***AP Biology 2015 Thread***

I think I just wrote about crossing over and how it doesn’t happen in mitosis and also the law of independent assortment in meiosis. I explained how both contributed to genetic variation. Is that correct?

@CGlynn I think I mentioned anaphase and metaphase and that they both ensured that the chromosomes would separate into sister chromatids

For mitosis and meiosis differences I wrote about crossing over and independent assortment. For similarities I wrote about how both undergo PMAT except that meiosis undergoes it twice, i forgot what i wrote for the other reason.

@TodaysEinstein I agree that D. Polypepis was clearly the outgroup. I put whichever group had more in common with the D. Polypepis (I think it was A. Foresteri/G. Gallus) on the branching branch, and then whichever one had more in common with D. Polypepis on the other branch, and finally whichever had least in common at the end.

For 2a I completely screwed up and only described one process by accident (did not read the question), but what you said should be correct.

@TodaysEinstein For 3B I put amino acid, because similar morphology could be a result of analogous characteristics, and not true relatedness

I heard that the AP graders don’t even look at the PMAT names and focus more on the explanation of them that you give. So you could literally explain the whole process of mitosis without naming any of the PMAT

@pockysticks Agreed with amino acids.
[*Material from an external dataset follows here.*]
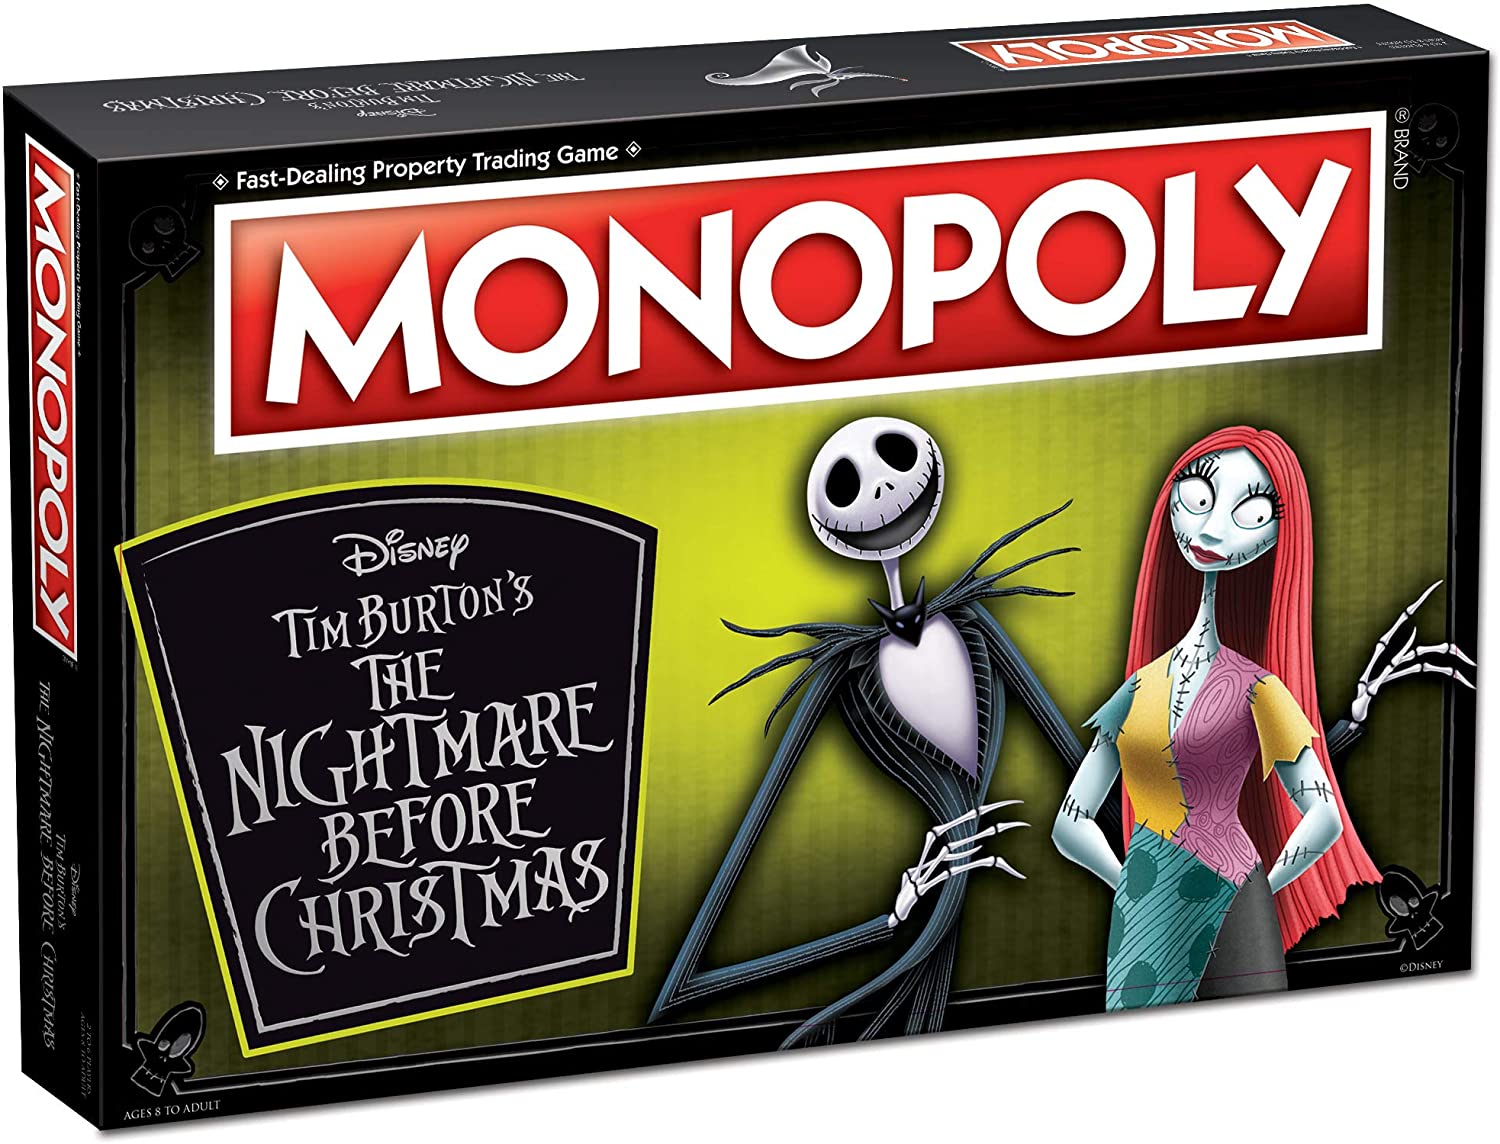 Disney Time Burton's Nightmare Before Christmas Monopoly Game

Definitely correct due to analogous structures. Also, it’s more concrete evidence.

@justinn and @TodaysEinstein I said crossing over and random orientation of chromosomes, because I’m not sure if it is exactly independent assortment that would make them different. Random orientation, due to chromosomes/chromatids being different in meiosis, would cause them to be different.

Also, regarding the mitosis question. If you described how in metaphase they line up at the center plate and in anaphase the chromatids or chromosomes separate (pulled apart), then you should get full points I believe.

let’s talk about the long responses 1 and 2

For 4B I put that meiosis goes through 2 divisions and produces 4 gametes while mitosis goes through 1 and produces 2 body cells but I think I misunderstood the question

@CGlynn pretty positive that both of those are acceptable because they are synonymous

When I saw the world “calculate” in second long response, I was like “oh heck naw” and just moved on to the next part.

for the mouse one:

  1. Self-explanatory what each does, though I only described two by accident (photoreceptors takes in stimulus brain integrates)
  2. the activity during light is not much if at all, during dark is near constant
  3. the difference is that during L12:D12 activity at the same time, during DD activity is at different times every day.
  4. Under L12:D12 it would stay the same, under DD they would constantly move until tired.
  5. get food at night, stay hidden during day from predators

for the cell respiration

  1. again self explanatory, though I only described one by accident
  2. all organisms suggests it is old due to common ancestry, earth used to not have oxygen, not all organisms have organelles so it would occur in cytosol
  3. multiply 7.3 * 30, divide that number by 686 for efficieny. Excess is released as heat.
  4. Something about endosymbiosis, though I said what advantage would it give them. This will most likely be marked wrong.

I’m feeling -3 on those due to bad reading on my part

Can someone explain to me the phylogenetic tree? I never went over that in my class… (along with many other things…)

@CGlynn what if i said mRNA express unique gene expressions?

What about question one and two

For 7B, did you guys put that since all 1000 smells still need to be expressed but there are not as many genes coding for receptors, that multiple smells would need to be expressed by a receptor to make up for it?

@TopOne For what question

@pockysticks The answer was RNA splicing. Sometimes RNA’s exons will be treated as introns and not expressed which will cause the gene to make different RNA sequences and therefore different proteins.

@pockysticks Don’t think I fully understood this question. I always thought that it was the other way around, that genes expressed a specific trait, not multiple at once. But I don’t think that’s what the question is saying.

7B) I put that receptors detect several olfactory molecules so many more odors could be smelled than genes/receptors.